Les lobbyistes jouent néanmoins un rôle globalement positif dans un contexte de crise généralisée de la représentativité. L'apport d'informations est nécessaire à la prise de décision : les groupes d'intérêts mettent à disposition des hommes politiques, des cabinets ministériels et des groupes parlementaires un travail d'expertise considérable, qui les sensibilise aux conséquences de leurs décisions et les aide à l'élaboration de compromis. Ce travail d'éclairage de la décision publique est particulièrement utile auprès des institutions communautaires : souffrant d'un certain "déficit démocratique" lié notamment à leur mode d'élection, celles-ci ont tout à gagner d'un contact étroit et régulier avec les représentants de la société civile européenne. 

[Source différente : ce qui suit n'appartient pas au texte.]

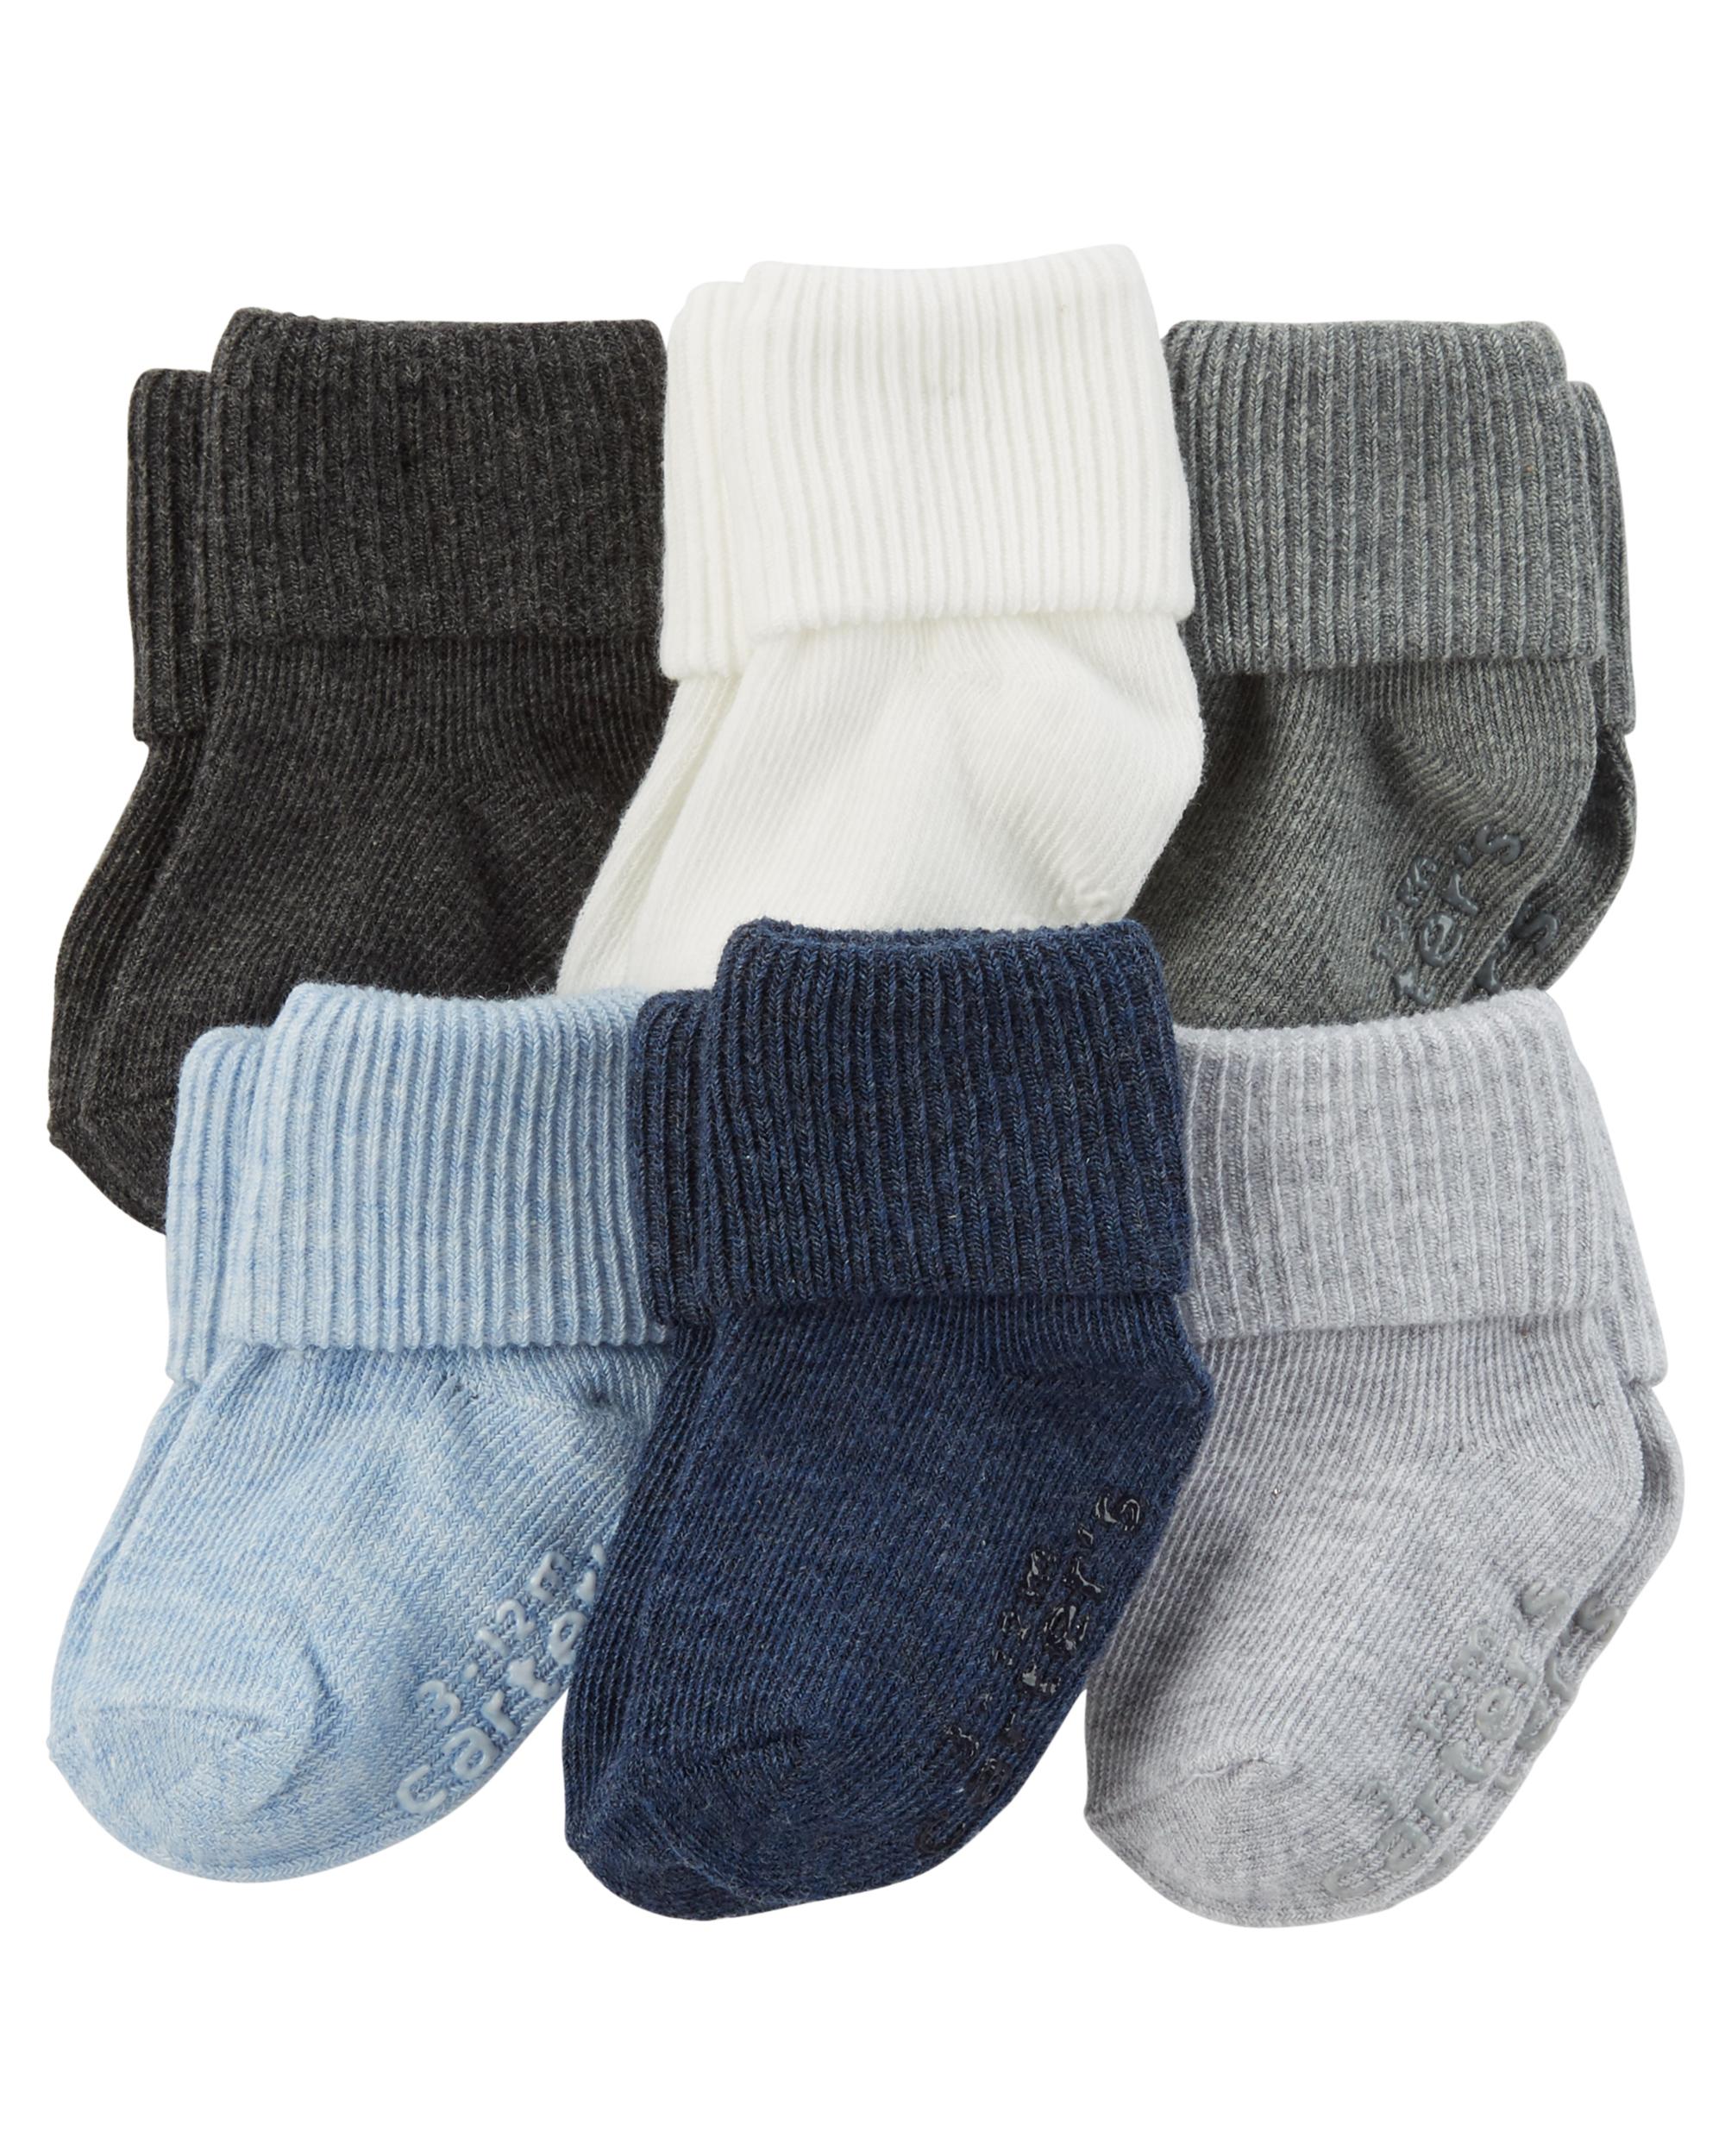 6-Pack Cuff Booties | carters.com

Il n'en reste pas moins vrai, naturellement, que le lobbying doit rester un moyen d'assurer, non le triomphe des intérêts catégoriels, mais l'expression des différents intérêts particuliers. Il doit se contenter d'éclairer le pouvoir, non le soumettre à sa volonté. C'est dans cette perspective qu'un travail de moralisation de la profession a été accompli dans plusieurs pays, à travers la mise en place d'une réglementation garante de la transparence et du respect de la démocratie. Au niveau de l'Union Européenne, la réglementation du lobbying est actuellement en chantier. Après plusieurs vaines tentatives au début des années 1990, l'Union Européenne impose à présent aux lobbyistes de s'inscrire dans un registre public pour avoir le droit de circuler, munis de laissez-passer nominatifs, dans l'enceinte du Parlement européen. Mais ces laissez-passer n'autorisent que l'accès aux réunions publiques et leur obtention implique de se soumettre au respect d'un code de conduite strict. Les lobbyistes ont eux-mêmes entrepris de fixer des règles pour l'exercice de leur profession. Conscients que leur image devait être défendue, notamment auprès des médias, ils ont créé en 1990 l'Association Française des Conseils en Lobbying, laquelle a défini un code de déontologie applicable à ses adhérents. 

Conclusion

La crise de la représentativité qui secoue les sociétés occidentales se décline non seulement sur le plan politique, mais aussi sur le plan économique et social. Elle explique la volonté des associations, des entreprises ou des fédérations professionnelles de mieux se faire entendre sur la place publique. Dans ce contexte, s'il parvient à conquérir sa légitimité, le lobbying a toutes les chances de connaître un véritable essor dans les années à venir.